*** Begin section ***

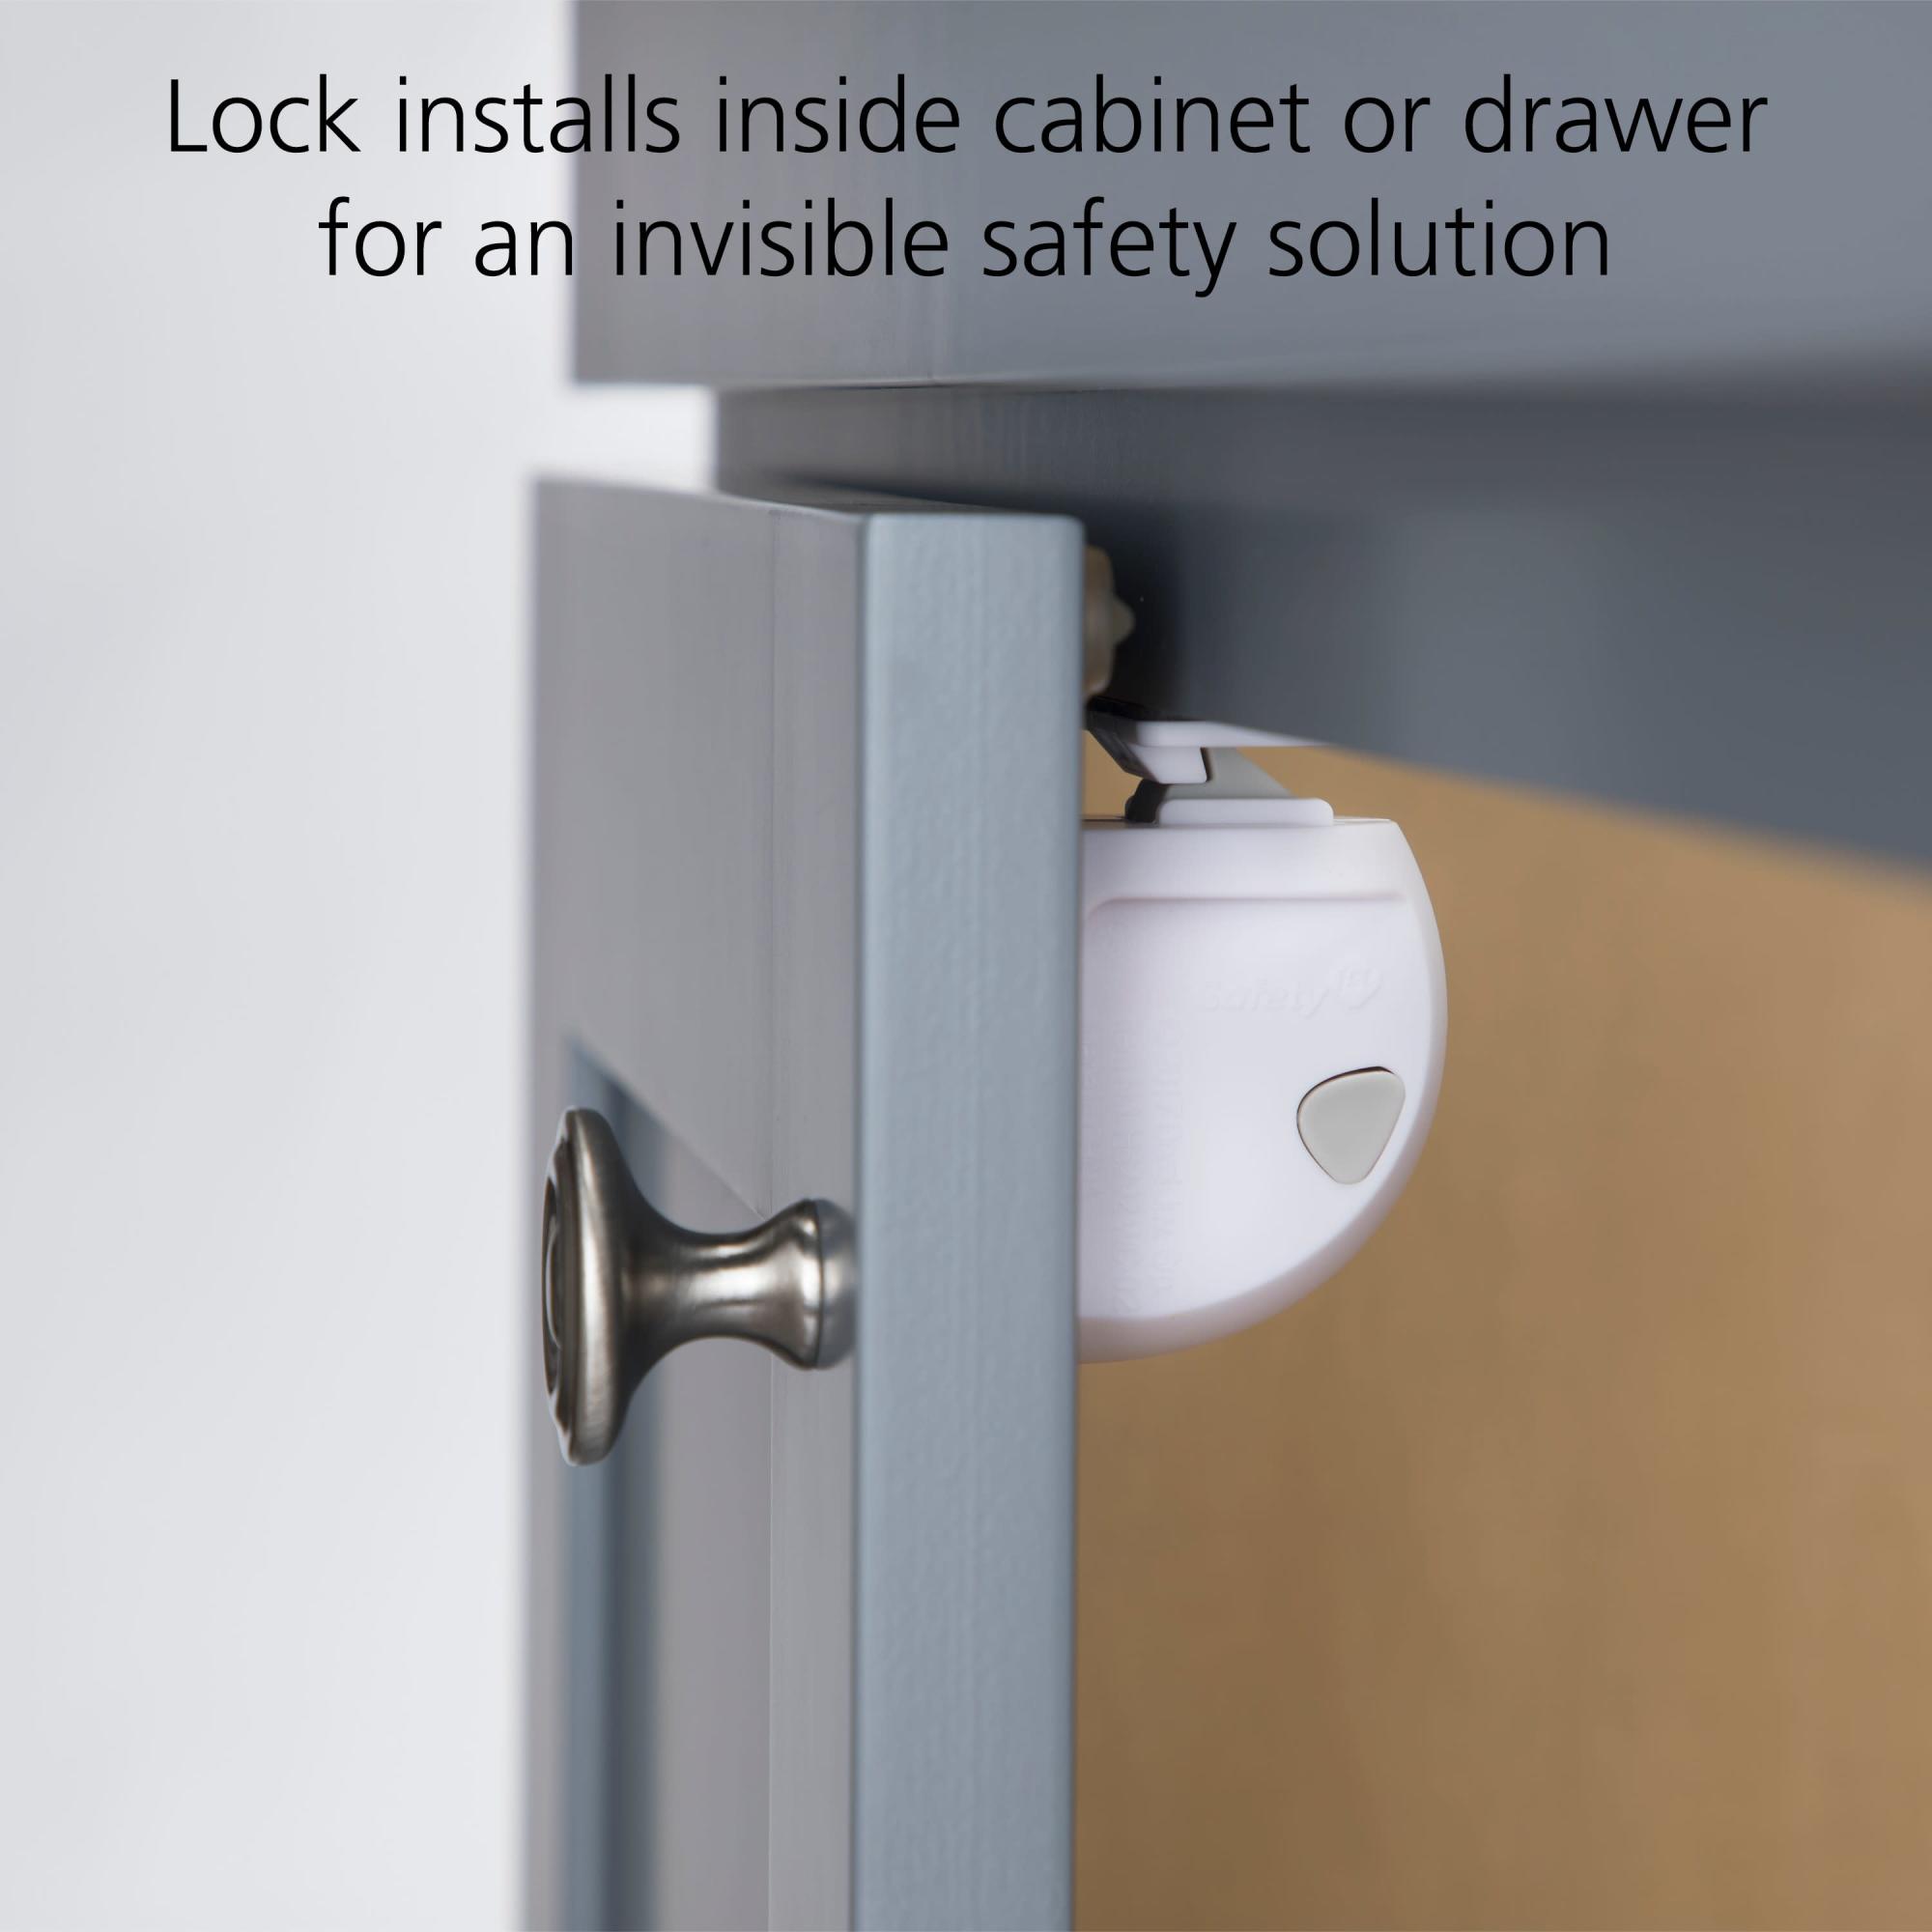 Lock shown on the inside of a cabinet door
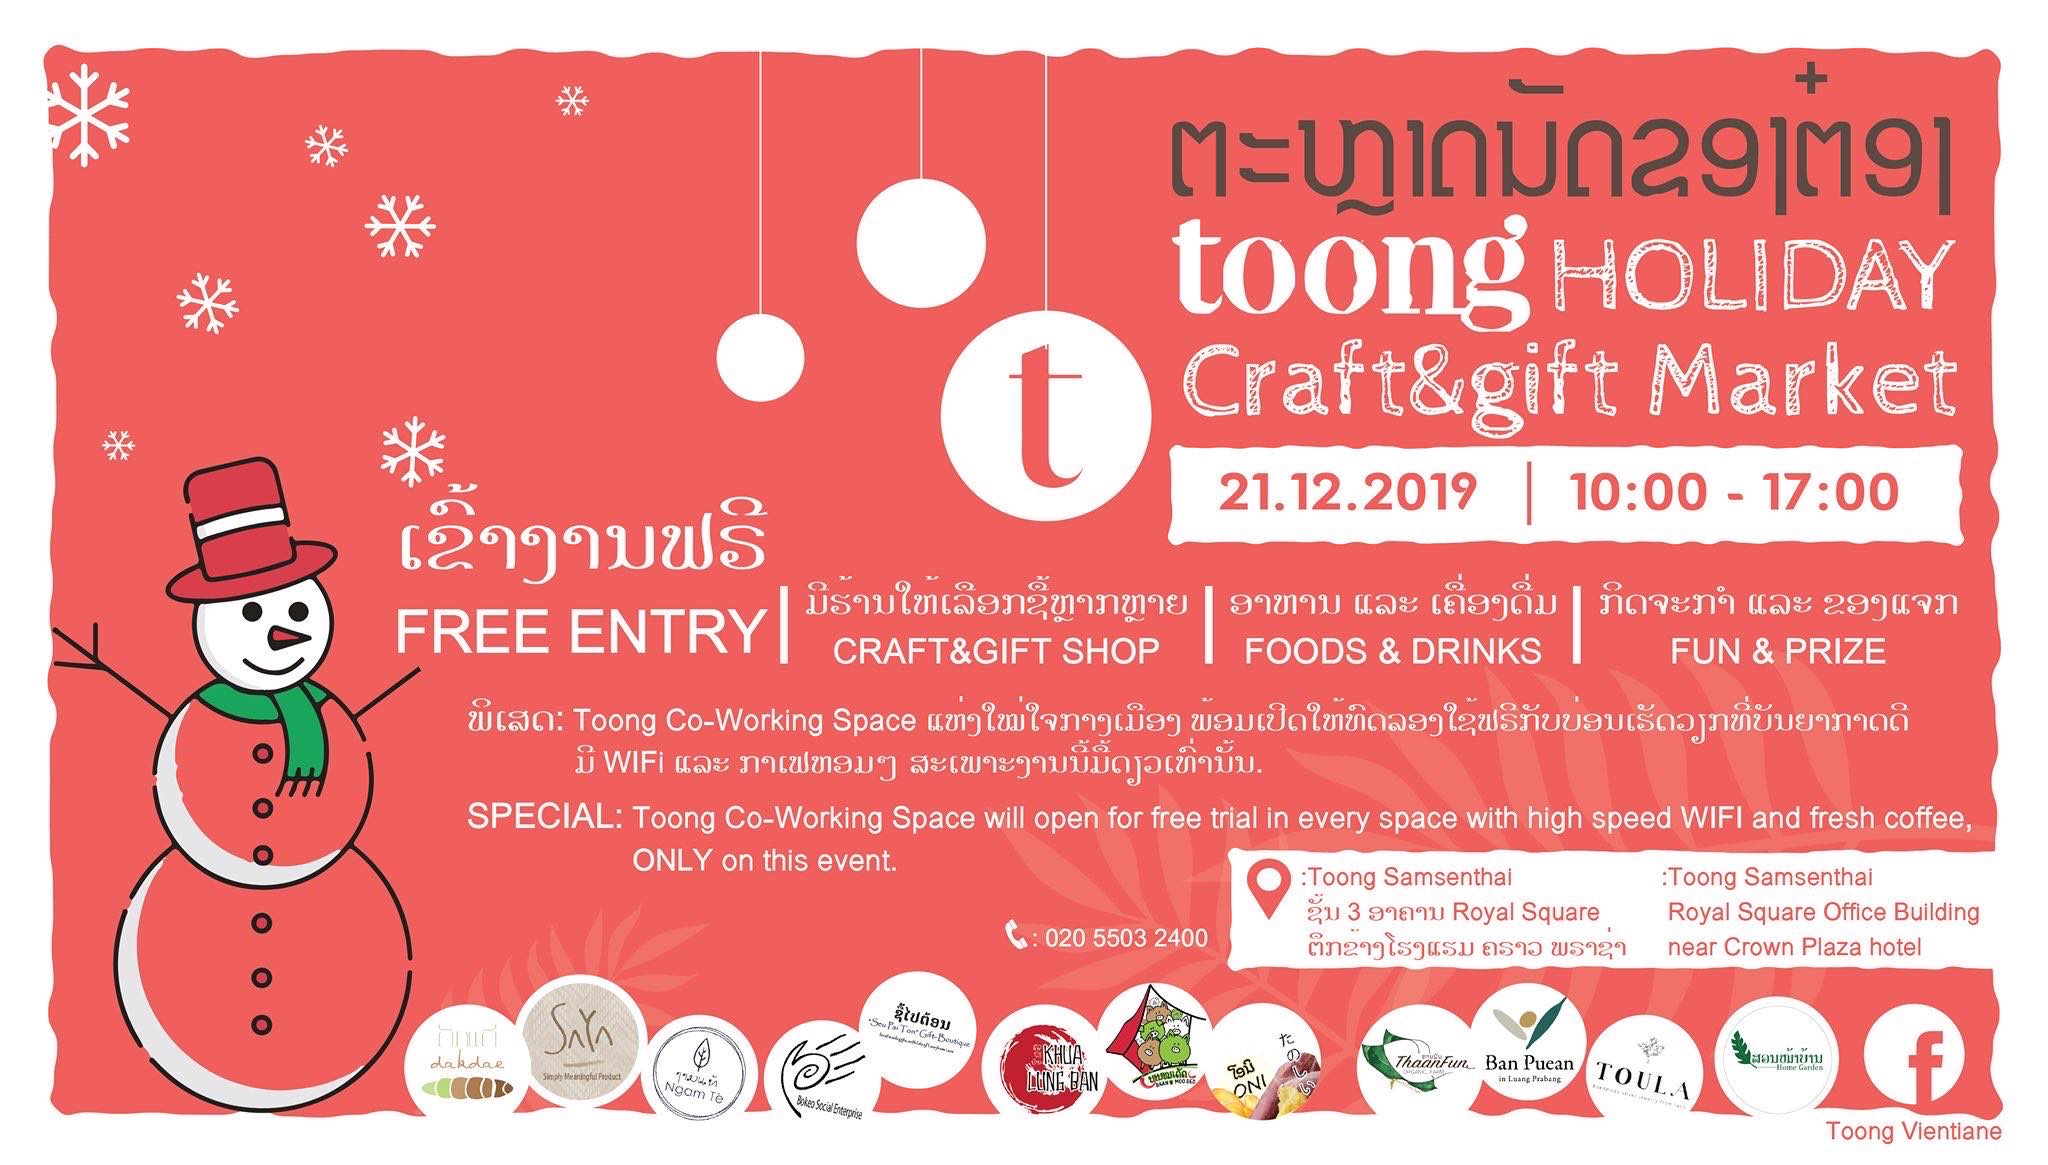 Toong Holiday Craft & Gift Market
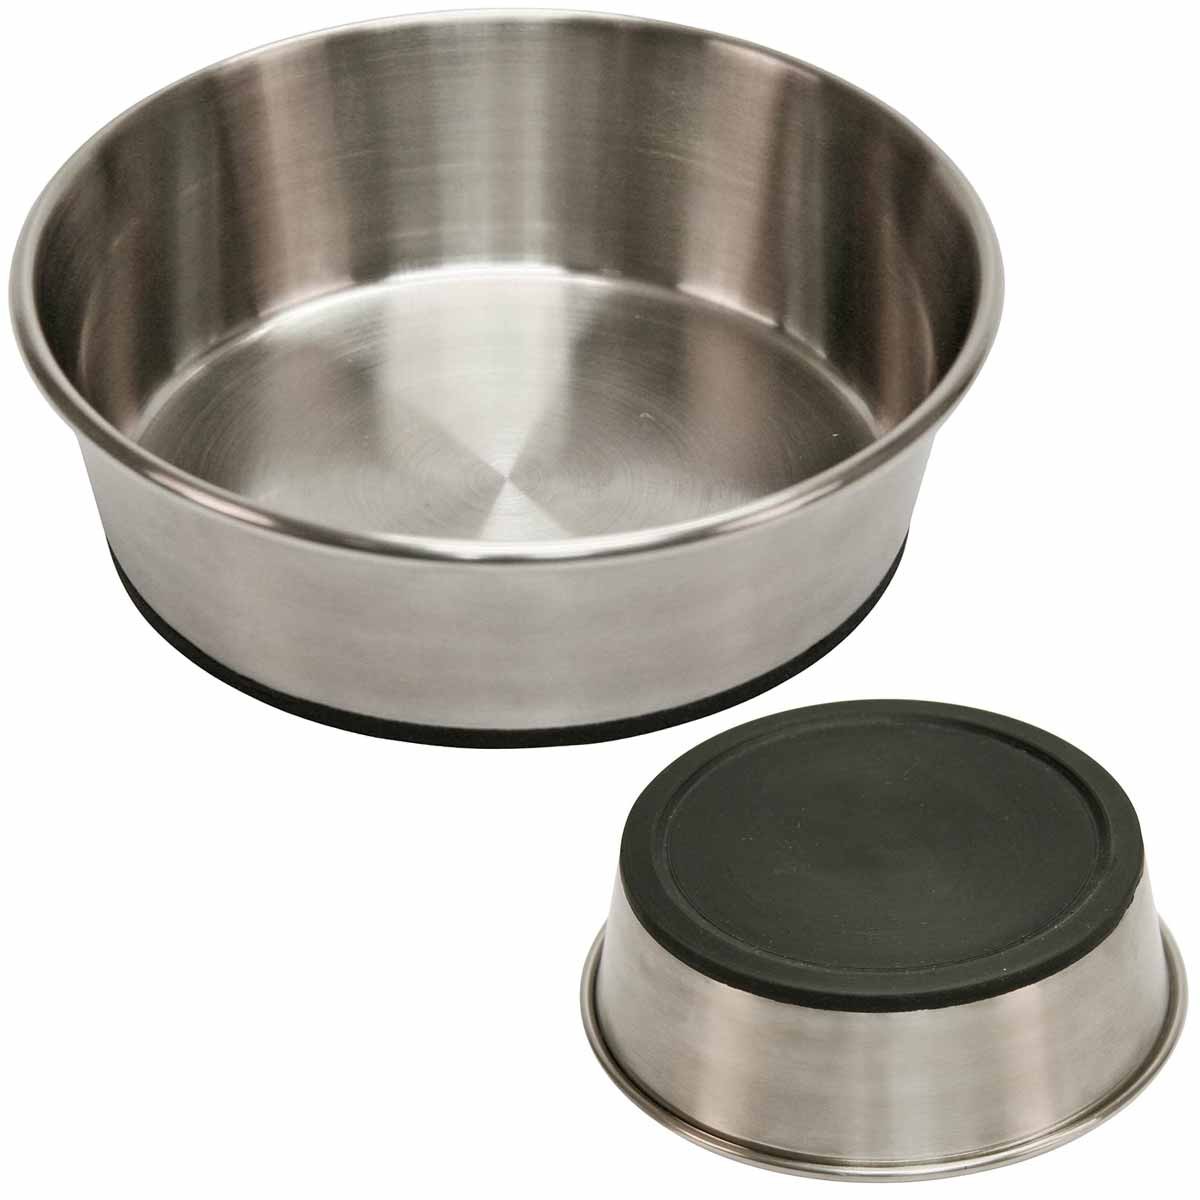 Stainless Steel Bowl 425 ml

*** End section ***

## What the task requires
Produce the full material again verbatim, with the pictures dropped.

## Task output
 Lock shown on the inside of a cabinet door
 Toong Holiday Craft & Gift Market
 Stainless Steel Bowl 425 ml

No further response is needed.